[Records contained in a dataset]
========

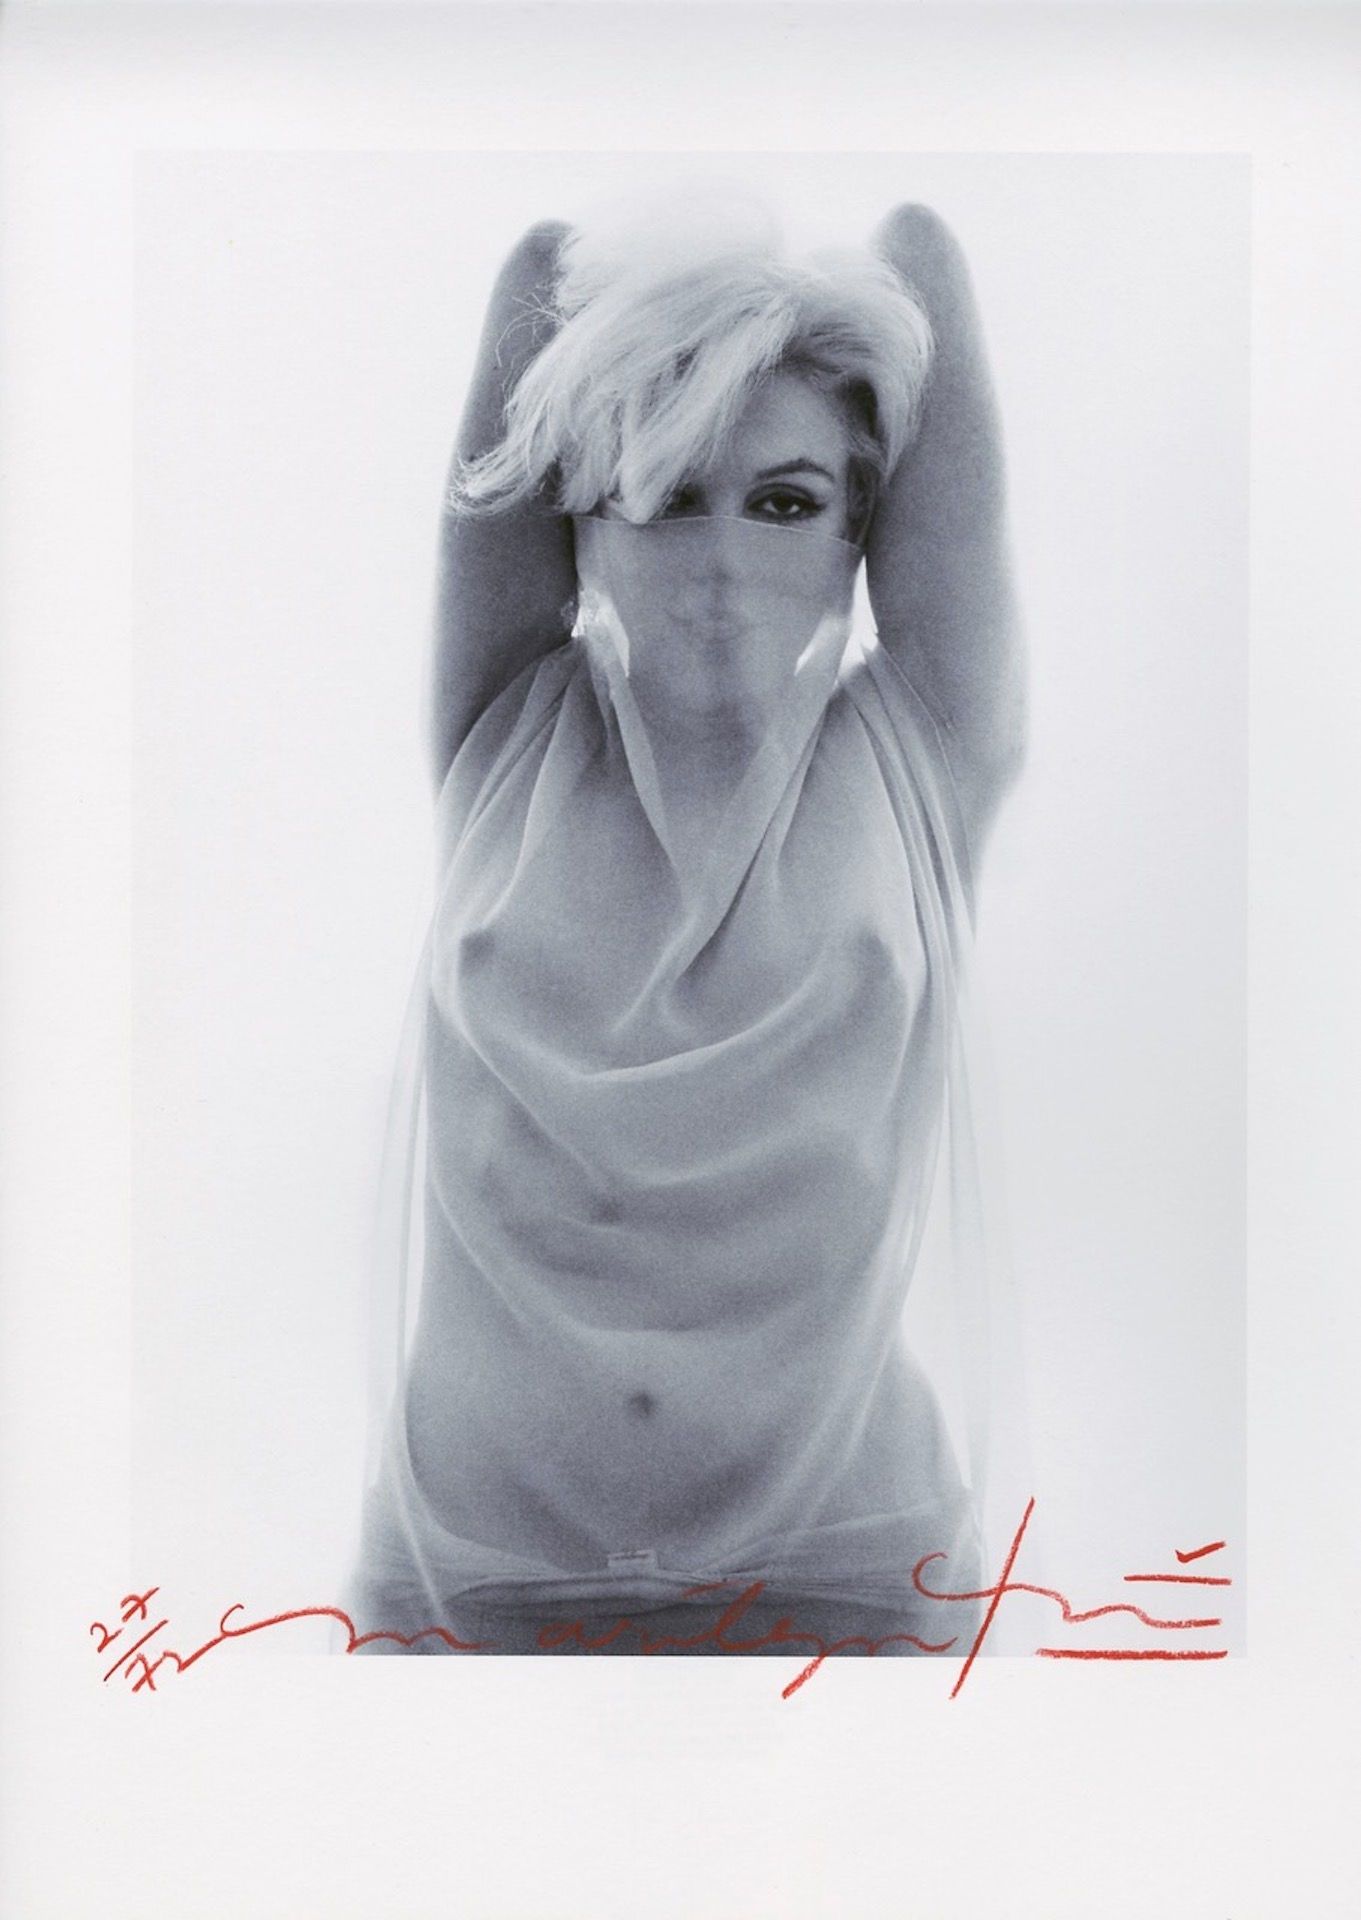 Bert STERN Bert Stern

Marilyn Arabian, 2011

Druck auf Fotopapier

Inkjet-Verfa&hellip;
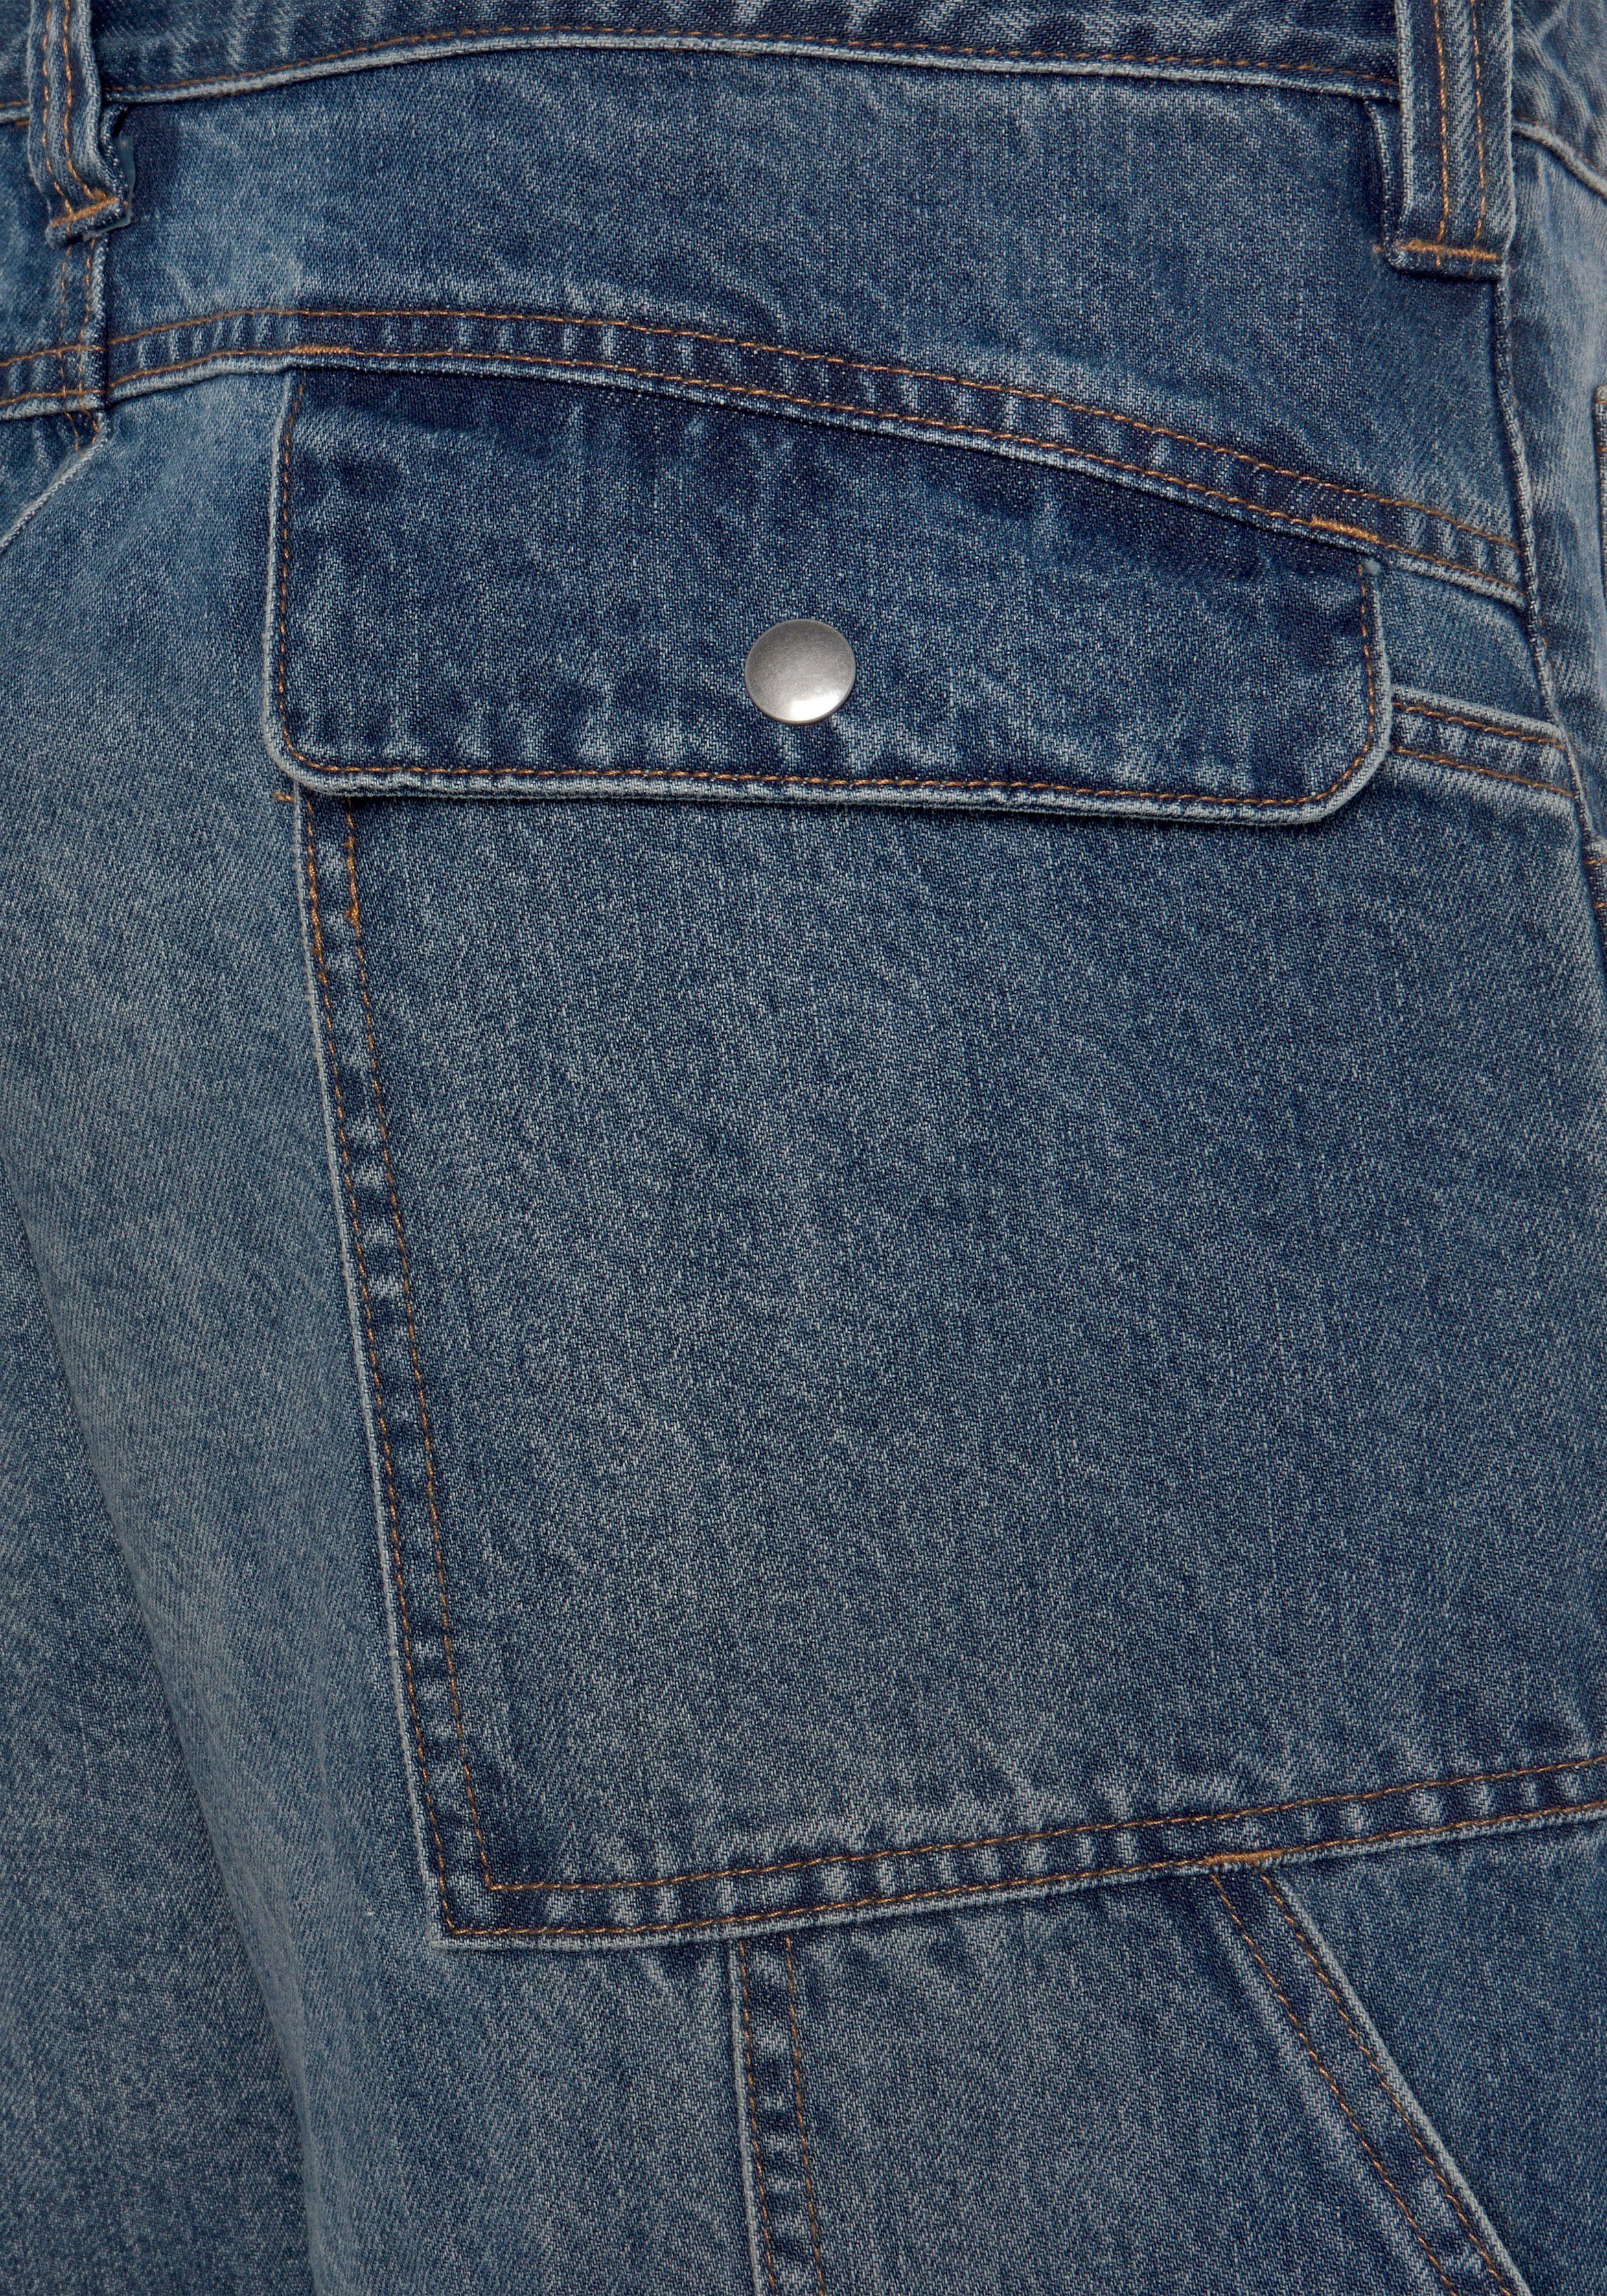 Country Bund, Jeans Baumwolle, dehnbarem comfort fit) Arbeitshose Jeansstoff, Taschen mit Multipocket Northern 9 (aus robuster mit praktischen 100%

========

Please set down exactly the lines from the one holding "Marilyn Arabian, 2011" through the last line of the entries, both ends included, and skip pictures.

ANSWER TO THE PROBLEM.
Marilyn Arabian, 2011

Druck auf Fotopapier

Inkjet-Verfa&hellip;
 Country Bund, Jeans Baumwolle, dehnbarem comfort fit) Arbeitshose Jeansstoff, Taschen mit Multipocket Northern 9 (aus robuster mit praktischen 100%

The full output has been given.